Conductive composite microneedles manufactured by 3D printing and applications in wearable biosensors

Abstract

In this project, we propose to develop conductive polymeric microneedles (MN) to be applied as electrodes for (bio)sensors for minimally invasive monitoring of different analytes. Despite the growing popularity of these platforms, efforts have been focused on coating them with conducting polymers or using metallic microneedles. These materials lack biological stability and require laborious and costly fabrication methods, creating translational barriers. In the present proposal, 3D resin printing, which provides the user with versatility, simplicity, precision, and the ability to print on demand, will be used to manufacture microneedle devices from conductive photocurable inks produced from zein methacrylate and quantum dots of carbon synthesized from biomass, such as lignin.
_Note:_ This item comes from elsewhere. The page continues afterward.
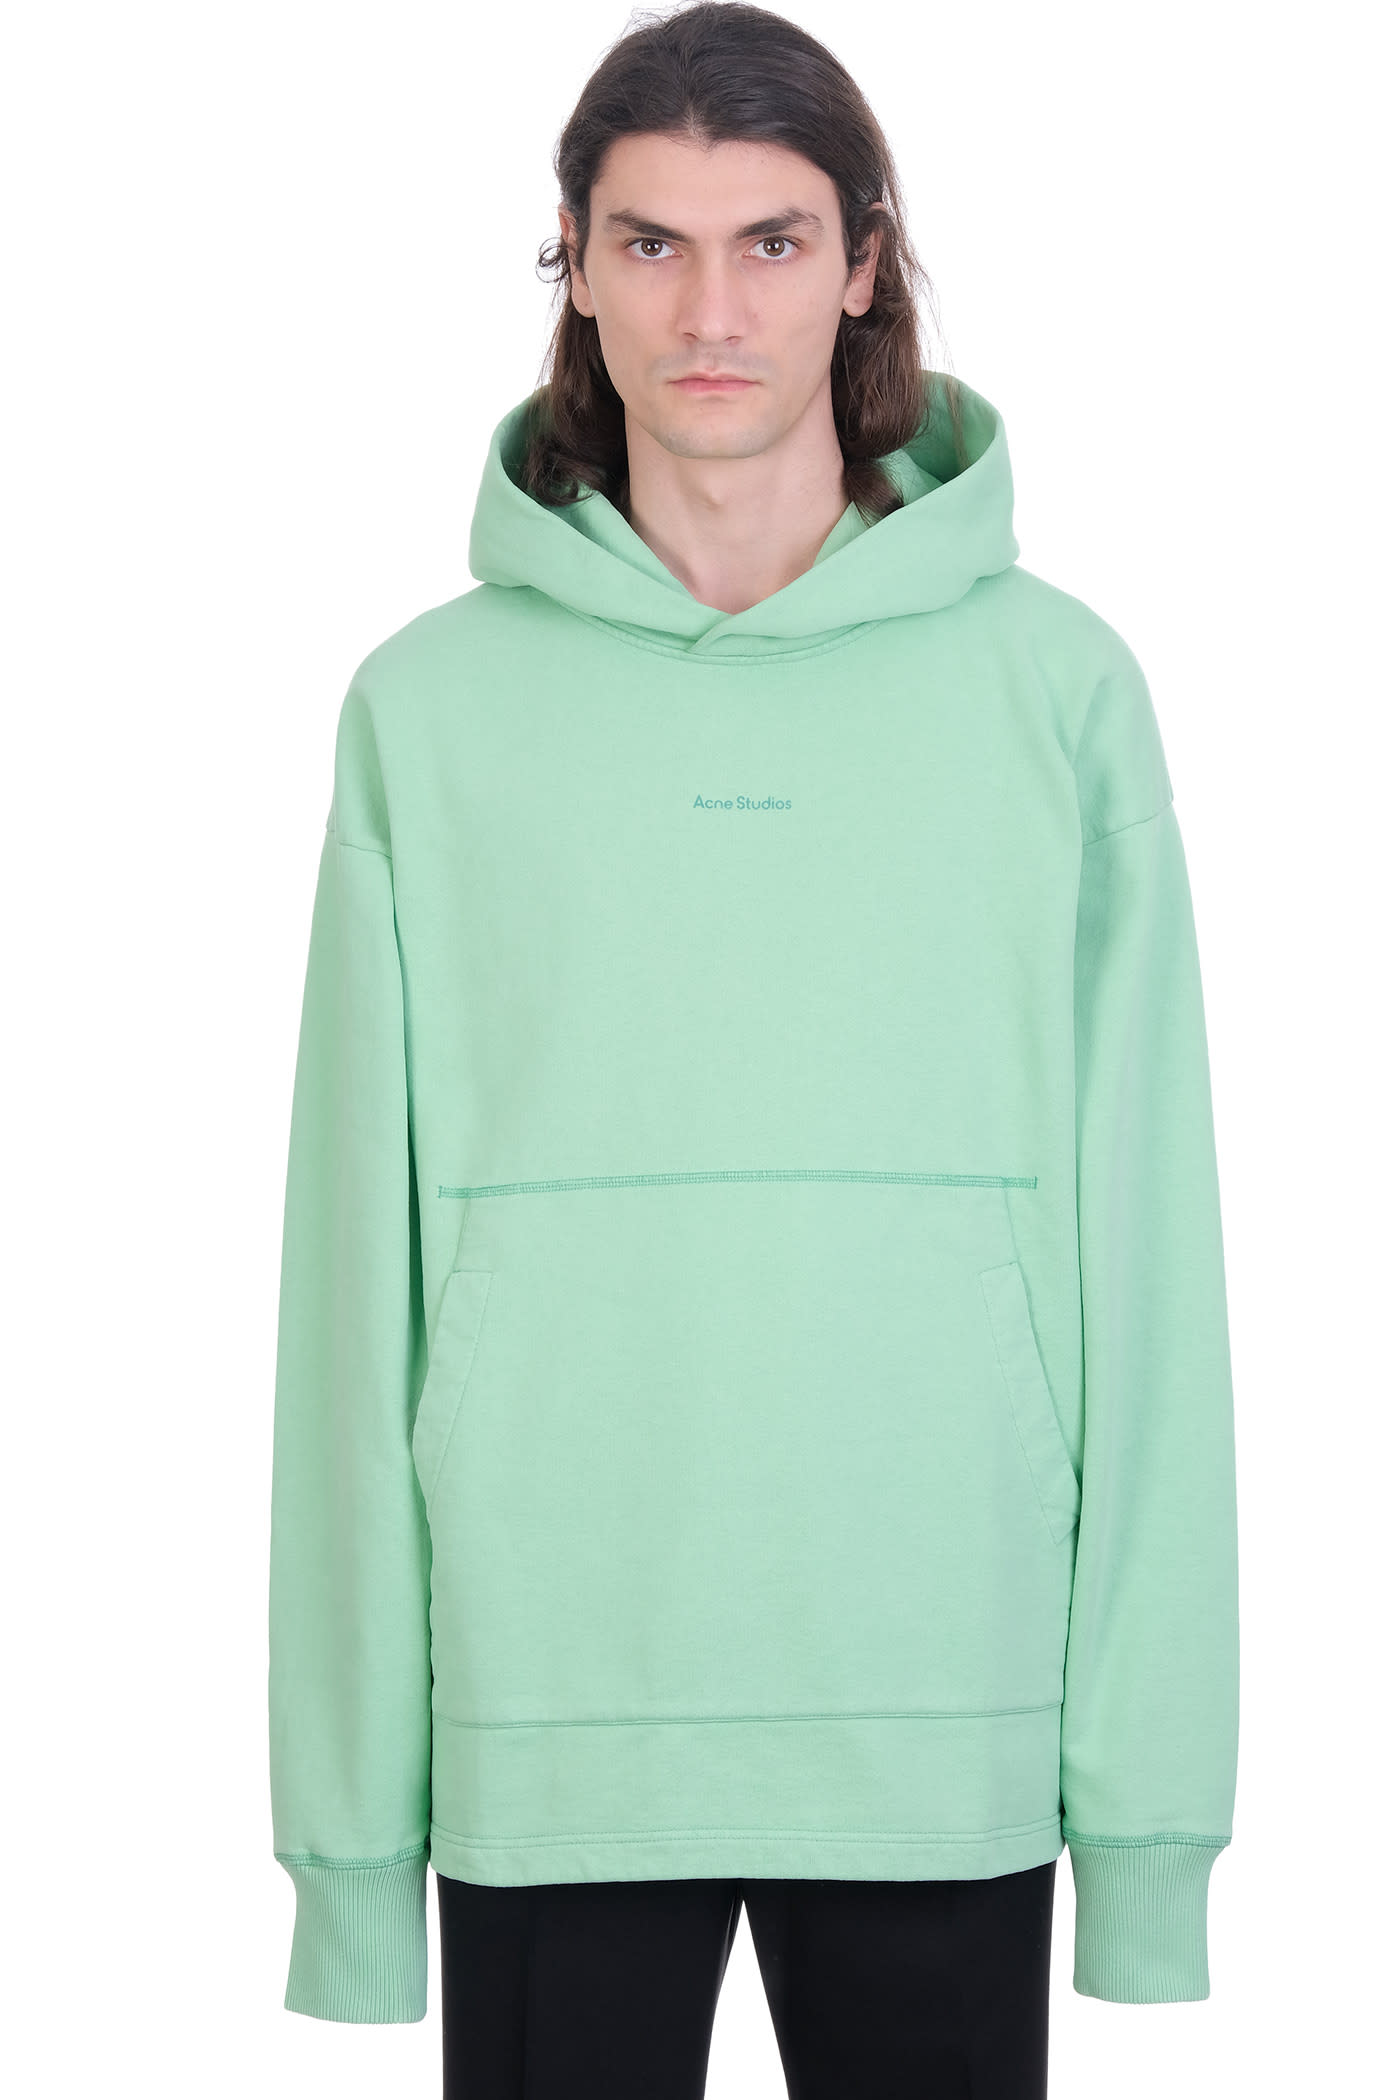 Acne Studios Frankin H Stamp Sweatshirt In Green Cotton

By utilizing statistical tools such as factorial design and response surface methodology, we will optimize the ink formulation in terms of composition, ensuring high printability and microneedle arrays with mechanical and electrical properties suitable for sensor applications. We will use the best architecture determined by optimizing microneedle manufacturing conditions to develop an electrochemical sensor to detect levododa (L-dopa), a drug widely used to treat Parkinson's disease, which will serve as a model analyte for validating the effectiveness of the proposed platforms. We hope to advance the development of biocompatible, low-cost conductive microneedles for the construction of wearable (bio)sensors, which are potentially useful not only for monitoring human health biomarkers, but also for the detection of analytes associated with animal health, plant health, as well as food quality control.